Work required
Word for word, copy the line that contains "Instant Pot Pepper Steak Stir Fry" and each line after it in the data below. Pictures stay out of the copy.

Input data
───

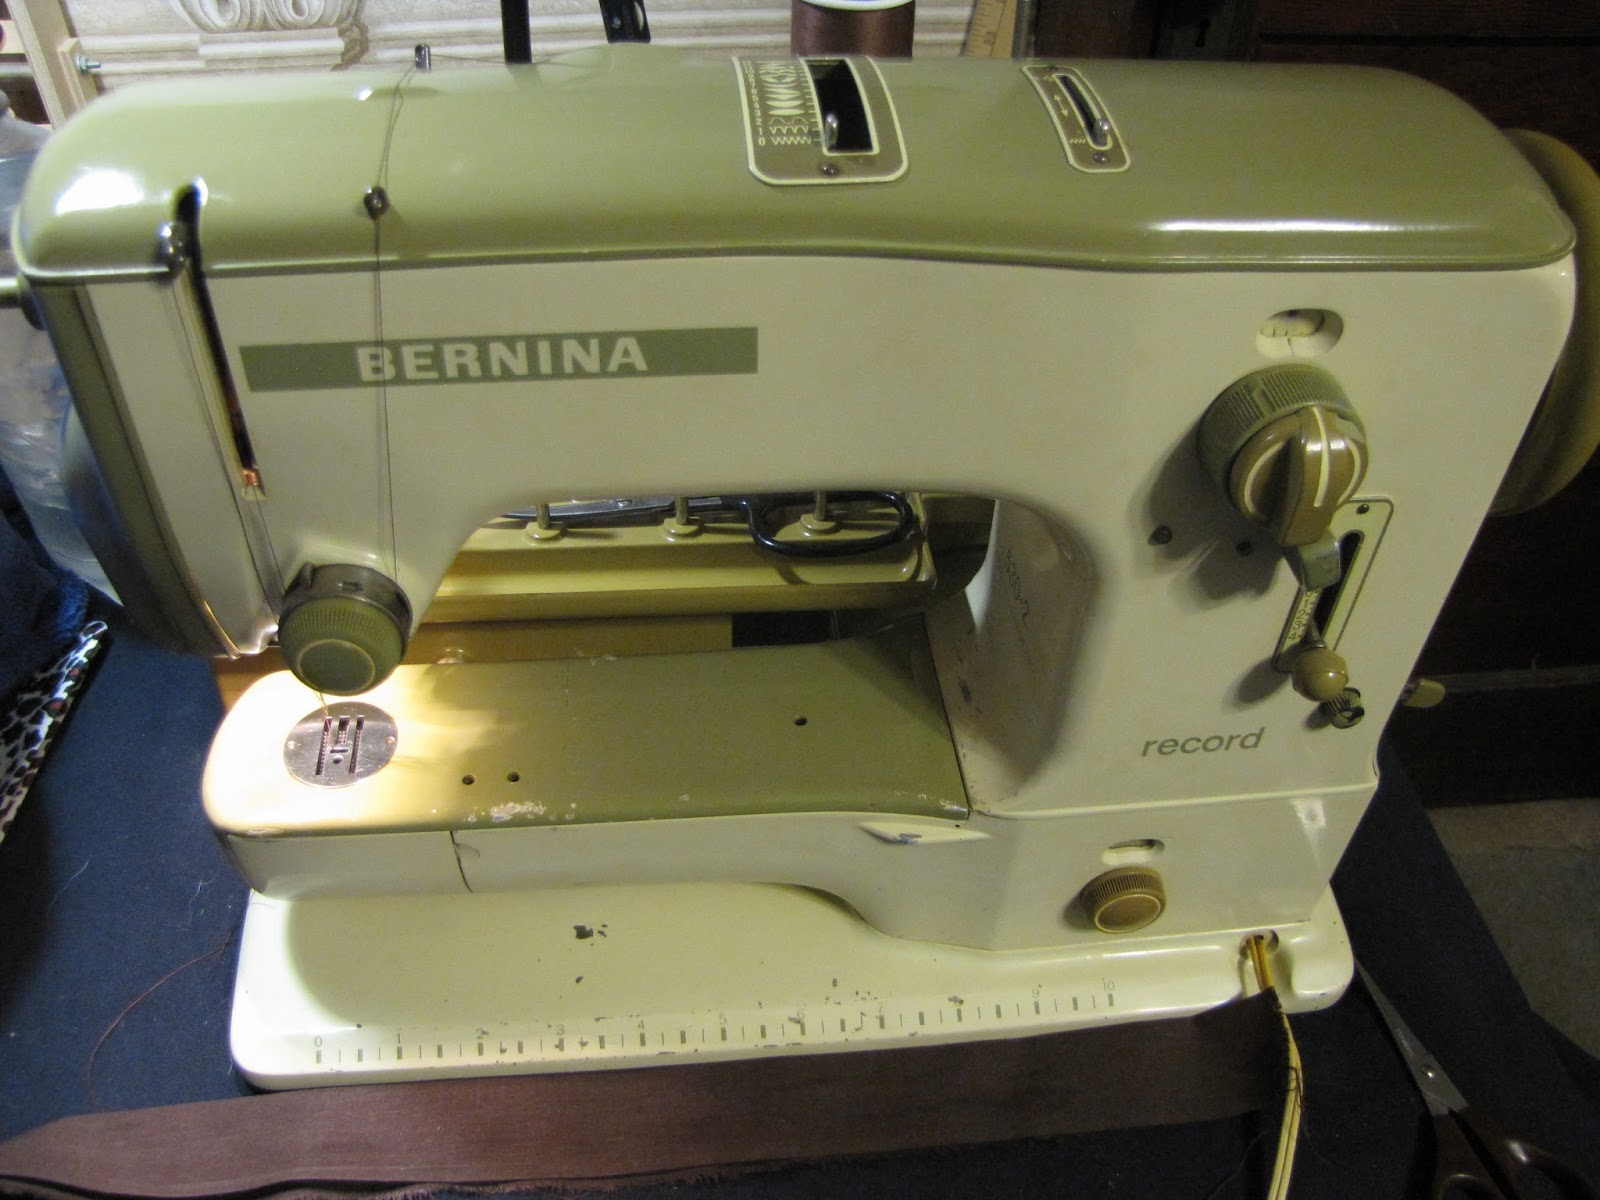 medium resolution of vintage sewing machines bernina sewing machine jpg 1600x1200 used bernina sewing machines sale
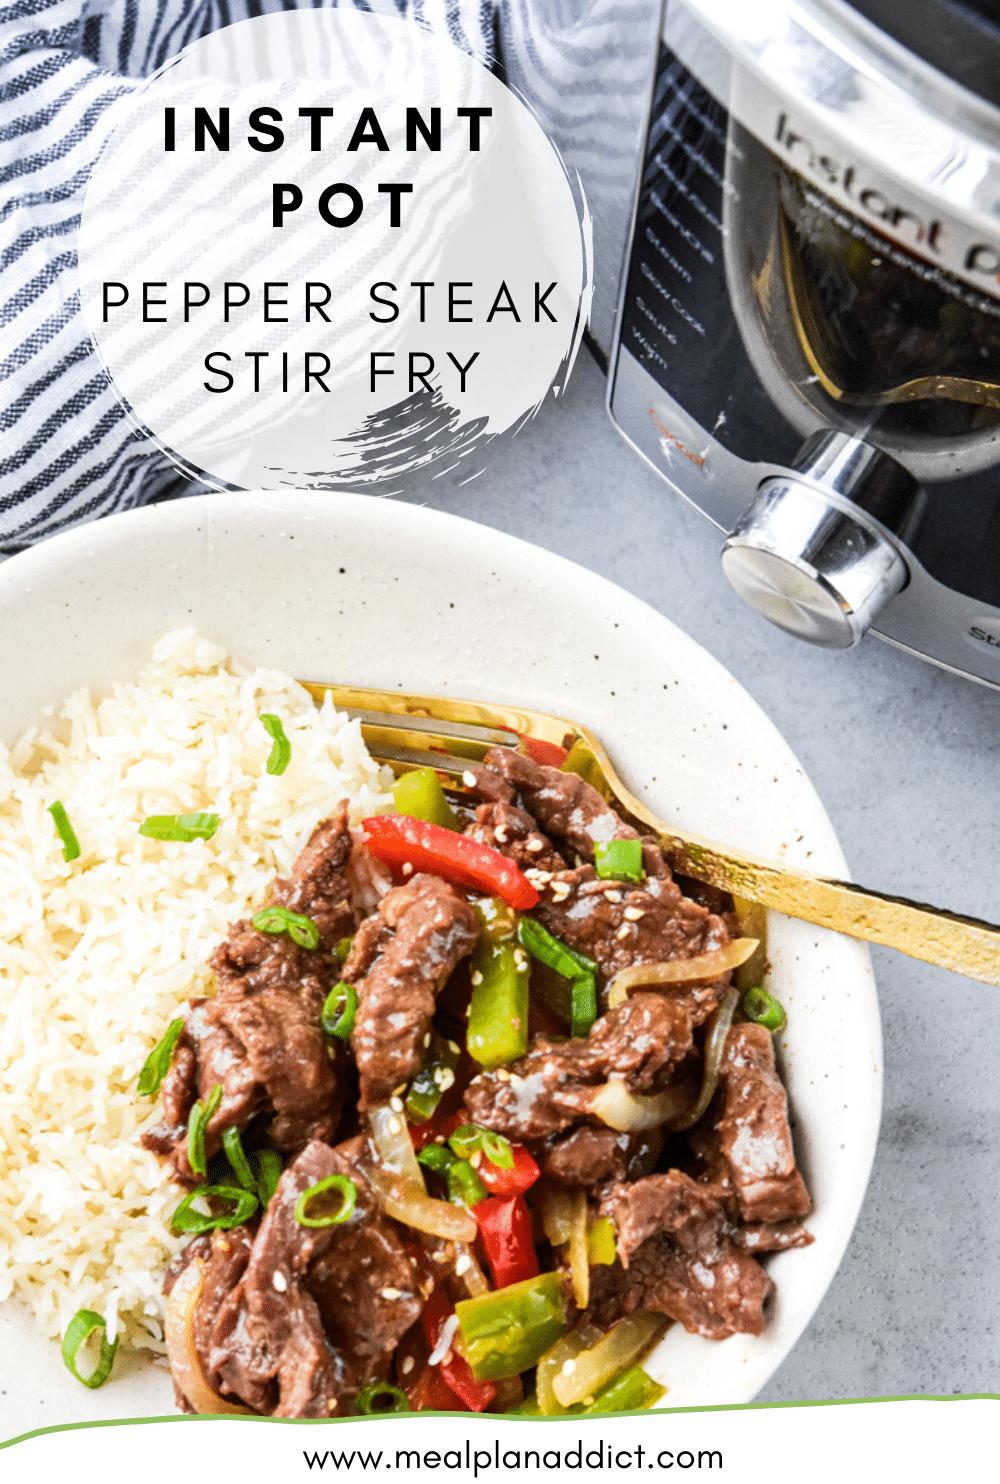 Instant Pot Pepper Steak Stir Fry
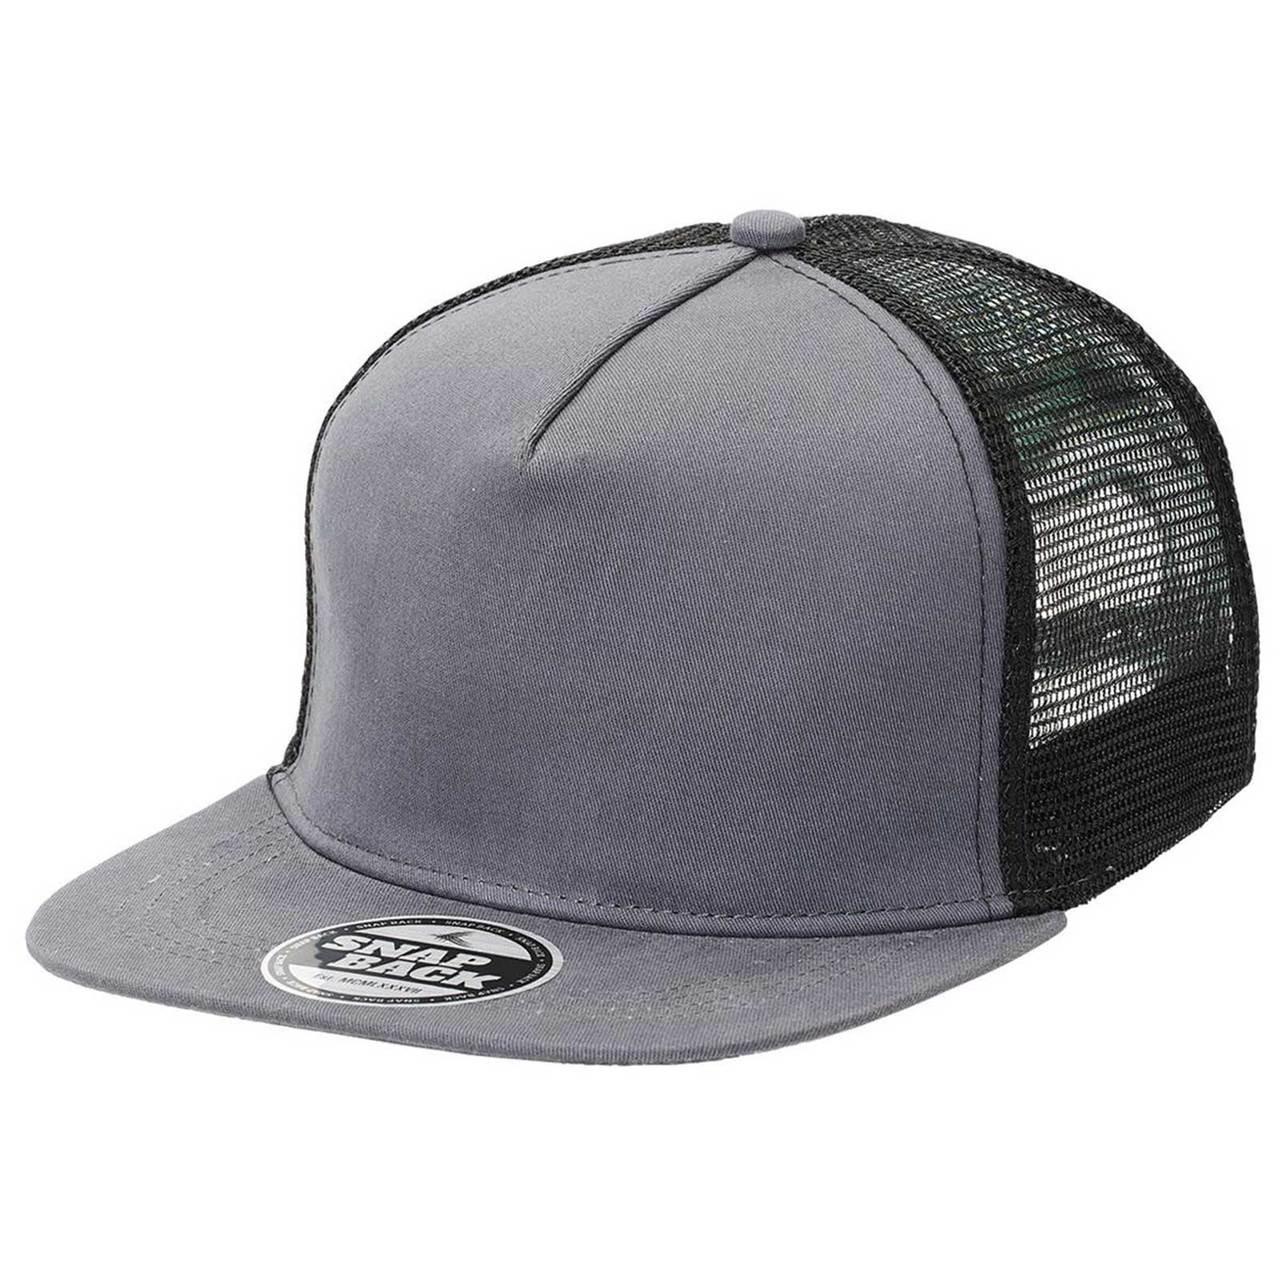 Buy Wholesale Plain Chino Snapback Trucker Caps Online . Bulk Blank Apparel 35a66754e4c

───

Answer for this exercise
 Instant Pot Pepper Steak Stir Fry
 Buy Wholesale Plain Chino Snapback Trucker Caps Online . Bulk Blank Apparel 35a66754e4c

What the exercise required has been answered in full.